# NeuralTalk

* Deep Semantic Visual Embeddings for Image Captioning - Andrej Karpathy, Fei Fei Li.

The following notebook glues together the components, which are defined across several files in the folder to a linear story which reasonably reproduces the results of the paper.

I'm not going to be particular about the details - for example, I'll use and LSTM instead of an RNN, put in Linear layers in between for changing sizes to experiment how the number of parameters affect the results.


In [1]:
#!/usr/bin/python3
from argparse import ArgumentParser
import json
from pprint import pprint
from itertools import chain
from tqdm import tqdm_notebook as tqdm
import matplotlib
#matplotlib.use('Agg')
from matplotlib import pyplot as plt
import os,sys
import string
import torch
from torchvision import transforms
from torch import nn
import torch.nn.functional as F
import datetime
from tensorboardX import SummaryWriter
import numpy as np

## Preprocessing

The tokens are already available preprocessed in the `.json` file, we're going to reuse them.
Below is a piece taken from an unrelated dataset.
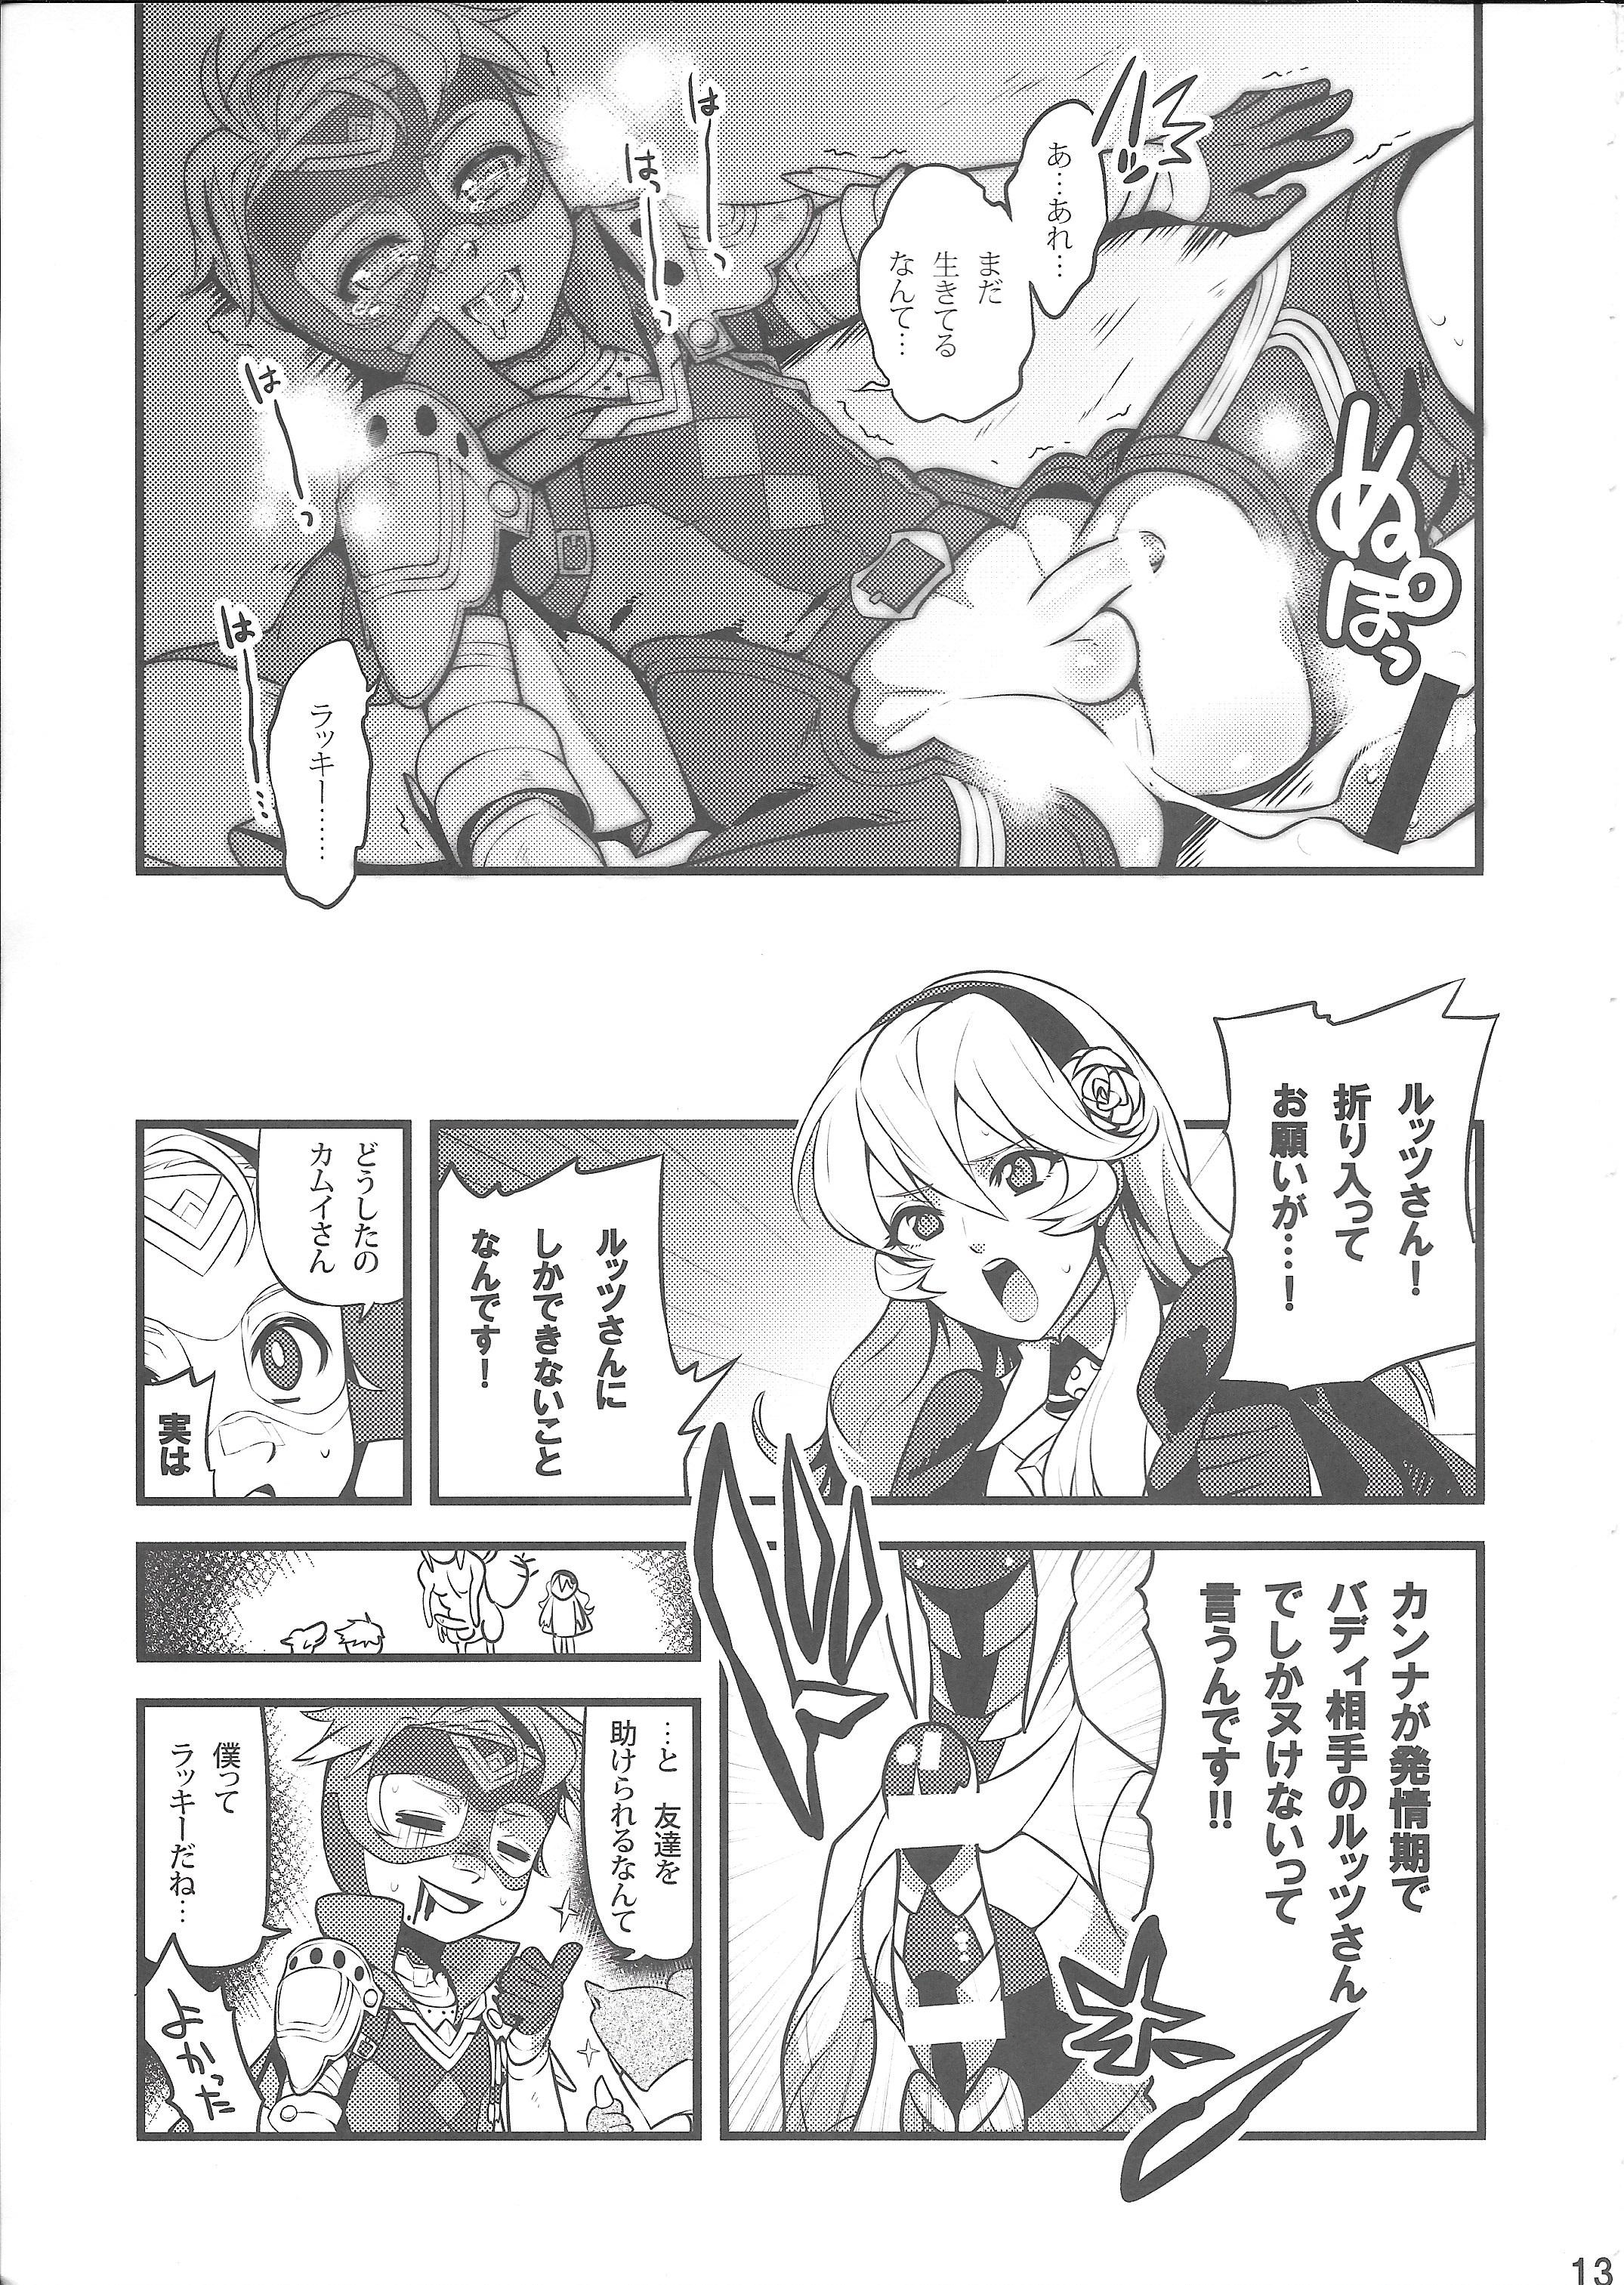 Teenxxx September 5 to 8 - Fire emblem if Toy - Page 12
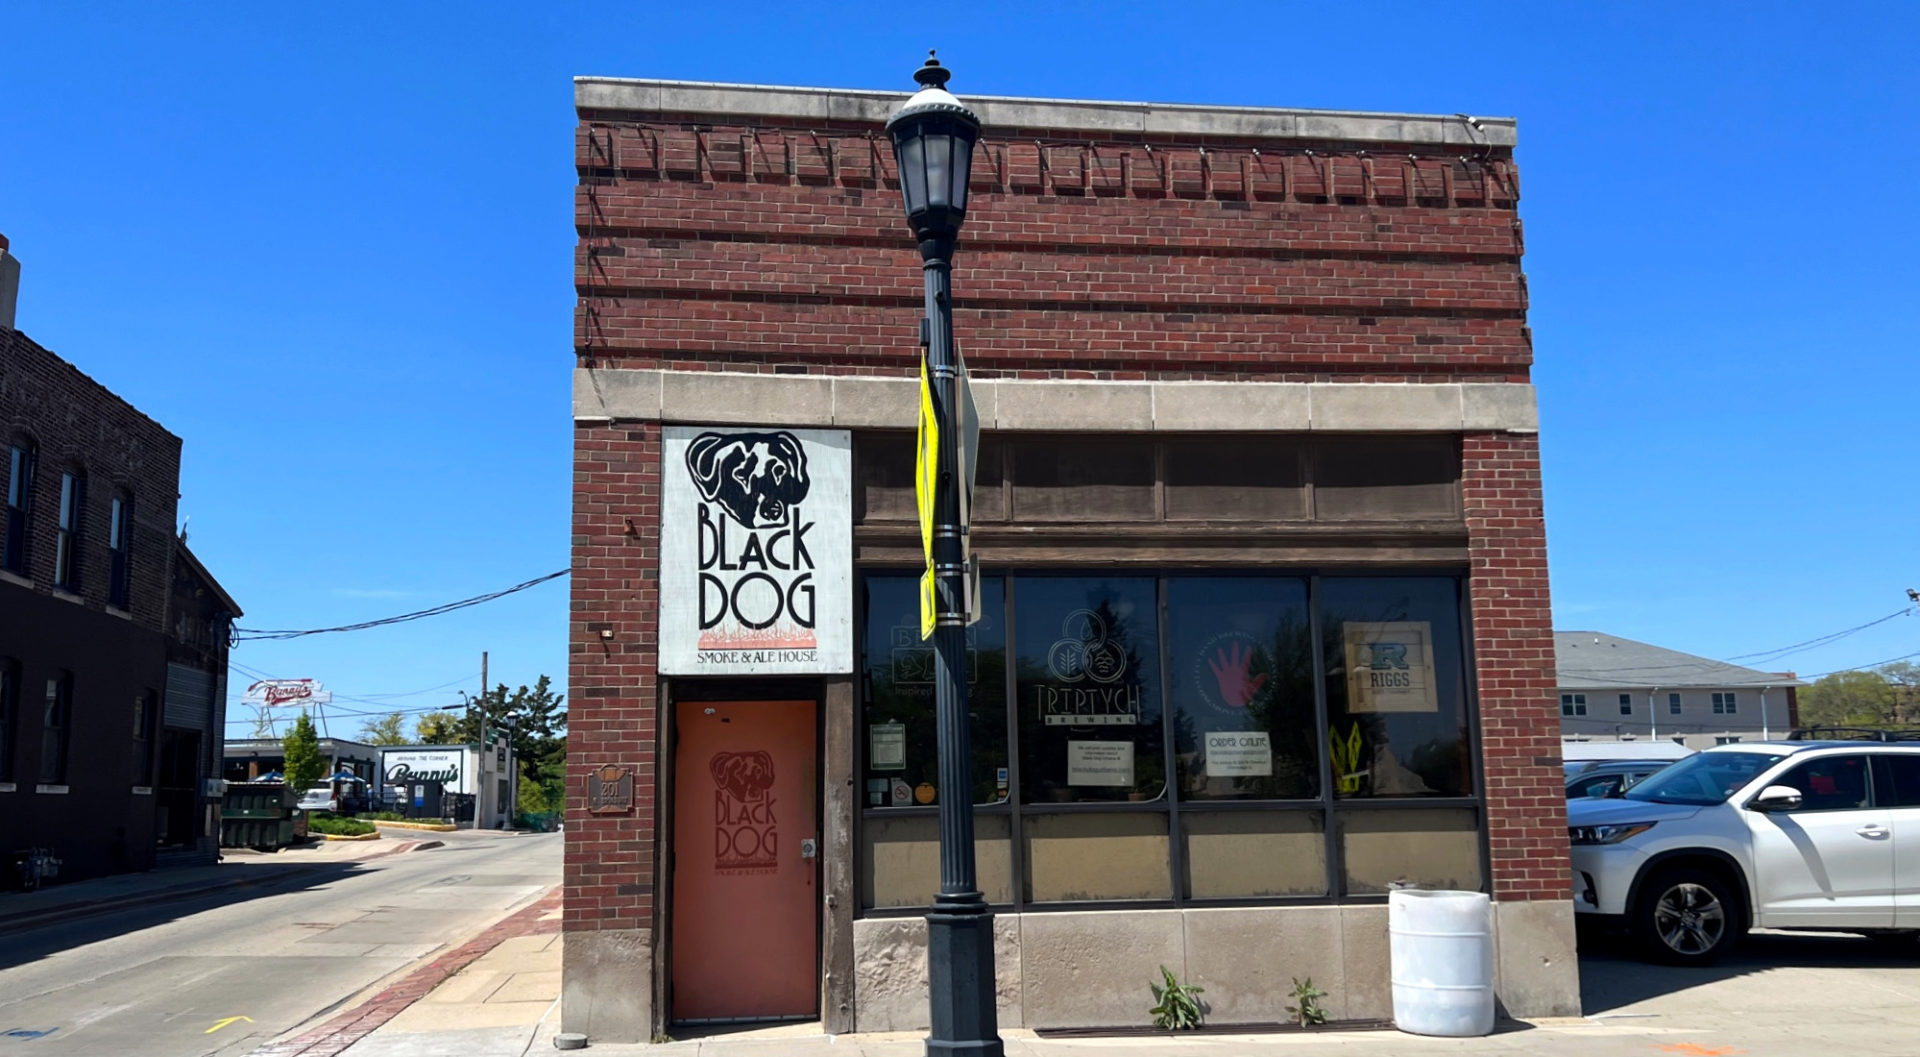 The exterior of Black Dog Urbana on a sunny day with a bright blue sky. Photo by Alyssa Buckley.

Thus we require only parsing. 

A Flickr DataLoader is adapted from [here](https://github.com/fartashf/vsepp/blob/master/data.py). It supports batching together variable length targets with padding through a collate function, which is the general practice in pytorch.

The Dataset class requires an additional `Vocab` object which is function which returns a unique index corresponding to a unique token. We'll code our own up and keep two things in mind:
1. `vocab(token)` gives id, no error - for unknown, give a token corresponding to unknown.
2. `len(vocab)` gives the total number of words in the vocabulary.

In [2]:
uspath = '/home/jerin/code/ultimate-sandbox'
flickr_root = '/tmp/Flickr-8K/Flicker8k_Dataset'
sys.path.insert(0, uspath)
from preproc import Vocab, img_preprocess, extract_tokens
from usandbox.data import FlickrDataset

In [3]:
# Construct vocabulary
json_file = 'dataset_flickr8k.json'
tokens = extract_tokens(json_file)
vocab = Vocab(tokens)
vocab('you')

1919

In [4]:
def get_dataset(name):
    return FlickrDataset(flickr_root, json_file, name, 
                        vocab, transform=img_preprocess)

dataset = {}
for phase in ['train', 'test', 'val']:
    dataset[phase] = get_dataset(phase)


In [5]:
!rsync -rz --info=progress2 ada:/share1/dataset/Flickr-8K/ /tmp/Flickr-8K/ --append

              0   0%    0.00kB/s    0:00:00 (xfr#0, to-chk=0/16197)   


In [6]:
batch_params = {
    "batch_size": 512,
    "shuffle"  : True,
    "num_workers" : 20,
    "collate_fn": FlickrDataset.collate_fn
}

def n_batches(dataset):
    return len(dataset)//batch_params["batch_size"] + 1

def loader(dataset):
    return torch.utils.data.DataLoader(dataset=dataset, **batch_params)

## Models

Models which are used in composition are defined in `models.py`. Some are tiny enough to be declared at a later stage, from torch's own predefined building blocks. The models are constituted by:





### 1. CNN Feature Extractor
A modified `Resnet18`, which I call `ResnetMinus`, since it lacks the last softmax layer thereby giving be dense features representing the image is used to supply the hidden representation for a generative RNN model, which predicts the captions. 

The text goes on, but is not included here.